Really Smart (and Social) Energy: GroundedPower’s System Pinpoints User Motivations to Lower Home Energy Consumption

These days, it seems there’s nothing that can’t be accomplished by the use of online social communities. Even lowering energy consumption.

That’s the approach taken by GroundedPower, a Gloucester, MA-based startup that produces a system that monitors consumers’ real-time energy consumption and spurs them with goal-setting and online community engagement to lower that consumption over time.

The company formed in mid 2008 from the union of a psychologist and educational software developer (CEO Paul Cole), a utility company veteran (president Carl Gustin), and a software engineer who previously helped found an online behavior change program to help smokers quit (VP of engineering Michael Bukhin).

Monitoring consumer energy usage for information purposes isn’t new. Existing smart grid technology includes intelligent monitoring systems that track the electricity coming from homes. But the point of GroundedPower’s Interactive Customer Engagement System (iCES) isn’t just to tell consumers where and how much energy they’re consuming, but to help them change their behavior in practical ways. The company uses the psychology background its founder Cole to incite consumers to lower energy consumption based on what really makes people tick

“It became clear that information by itself without helping people to think on what to do about it wasn’t going to help,” Cole says he, and the other founders, discovered when they initially started developing their product. “That brought us to an integrated system where there’s a self-audit capability and social feedback.”

iCES starts with a monitor on home energy meters, which sends information to a wireless gateway device in the home. The gateway then transmits that information (via Ethernet) to GroundedPower’s online dashboard, which users can access by logging onto the company’s Web portal. Once logged into the system, users can view their energy consumption, set goals, and create profiles to compare their households to others in the iCES user community.

“Our whole premise is that information alone will not create a persistent behavior change,” says David Rosi, the company’s senior VP of marketing, sales, and business development.

The energy monitoring system then allows users to set goals for their household energy consumption based on different sets of motivation, such as money, the environment, competition, learning, and encouragement. For those who recognize their main motivation as the dollar, their iCES interface reports their energy consumption and savings to them in terms of monetary value.

GroundedPower’s system also allows users to track their energy usage based on carbon output or kilowatt hours, to appeal to the environmentally minded. For the competitive types, users can adjust their settings to reflect the points they’ve earned by meeting energy goals and comparing that to the points earned by other households using the system.

When customers begin using iCES, the system performs an initial room-by-room home energy audit that determines which functions are gobbling up energy, from heating and cooling to lighting to kitchen uses. Consumers can drill down further to determine the energy consumption from different types of appliances, such as computers and stereos or refrigerators and dishwashers. Users set energy goals based on overall household output.

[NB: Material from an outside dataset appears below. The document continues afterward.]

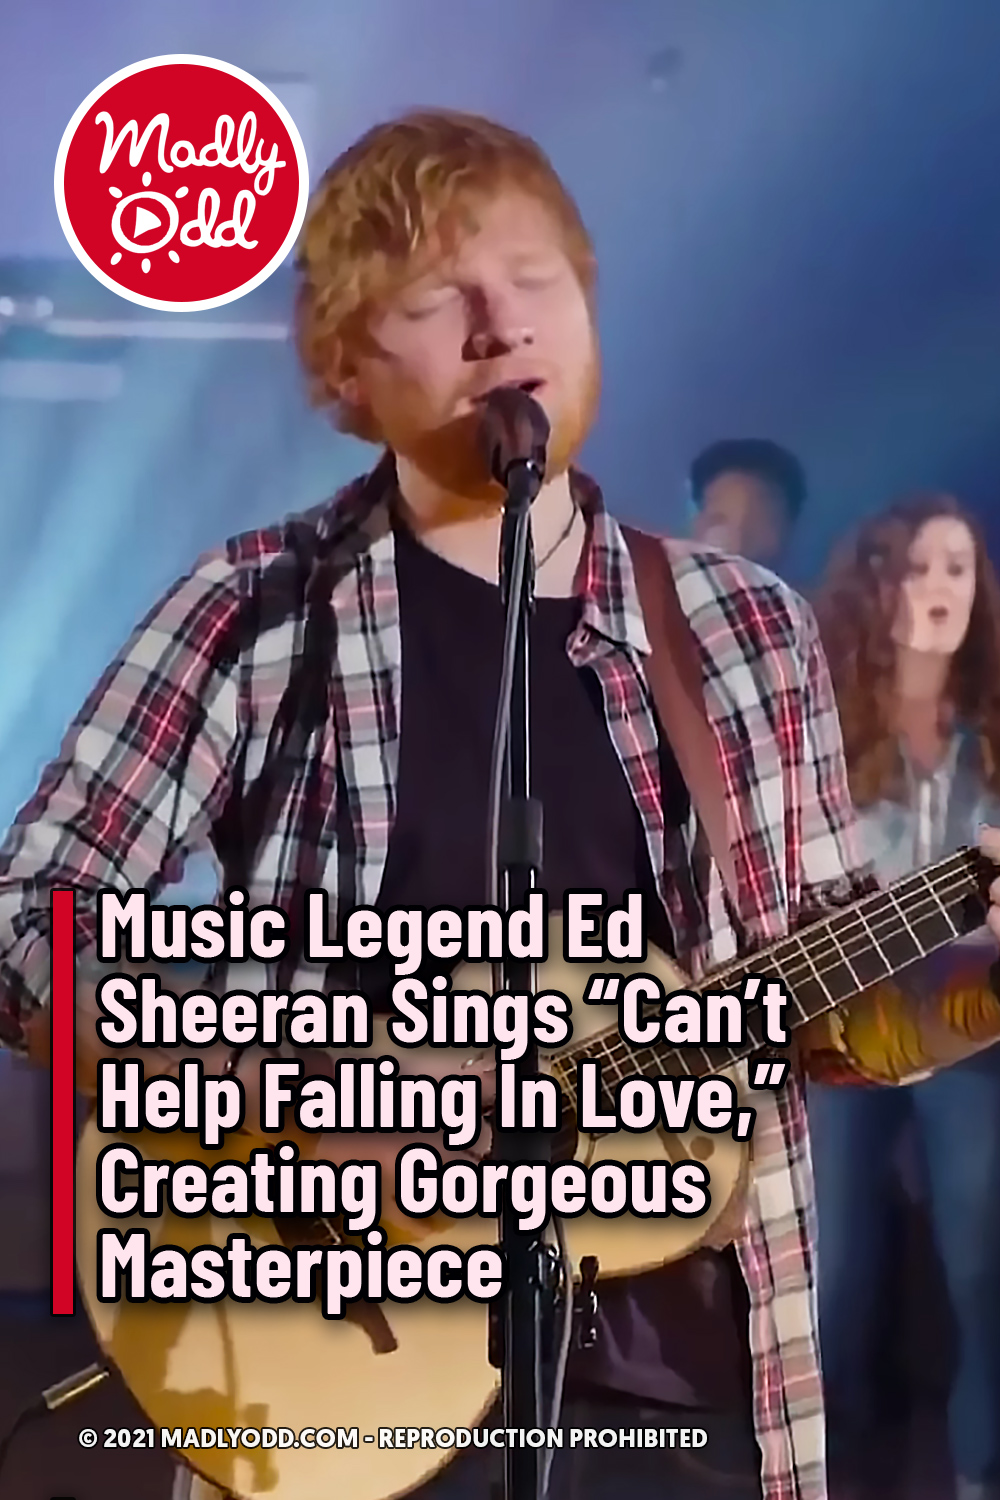 Music Legend Ed Sheeran Sings “Can’t Help Falling In Love,” Creating Gorgeous Masterpiece

“It lets you see where the biggest hits are and drive behavior change in those areas,” Rosi said.

The GroundedPower system offers suggestions on how people can curb their energy use without spending additional money, such as plugging electronics into power strips, turning the strips off while not in use, and unplugging stagnant devices such as phone chargers. Customers can share the success they’ve had with these types of actions, and share their energy goals, allowing for feedback from other iCES users. This spurs on the types of consumers typically motivated by opportunities for learning and encouragement, Cole says.

“It allows people to really interact with each other in a more social environment to support each other,” says Rosi.

The GroundedPower system keeps consumers involved by sending them alerts on whether they are meeting their energy goals via email, their smart phones, or even snail mail. There’s also an in-home ambient display that illustrates how users are meeting their goals, with green (ahead of target), orange (on track), and red (problematic) status bars.

The company plans to work directly with utilities to get the system into homes. “In the eyes of the consumer, the utility company is providing another capability or service. Our relationship is to support the utility in that regard,” Rosi says. Utility companies can also use the iCES system to send alerts to consumers on everything from pricing changes to announcements of power curtailments.

GroundedPower raised $918,000 in a January equity offering and is in the early phases of pilot studies with its systems in about six municipal power companies in Massachusetts, across roughly 400 households. The current projects monitor home electricity consumption, but the system also has the capability of tracking natural gas usage, Rosi says.

GroundedPower is about six months into another pilot project with the Cape Light Compact, a Cape Cod and Martha’s Vineyard regional energy service, where billing data from about 100 households show that use of iCES has led to a 13 percent to 17 percent monthly savings on electricity compared to the year before, Rosi says. In the pilot projects, utility companies aren’t charging consumers for use of the GroundedPower product, but it is not certain how home customers will ultimately pay for the system, he says.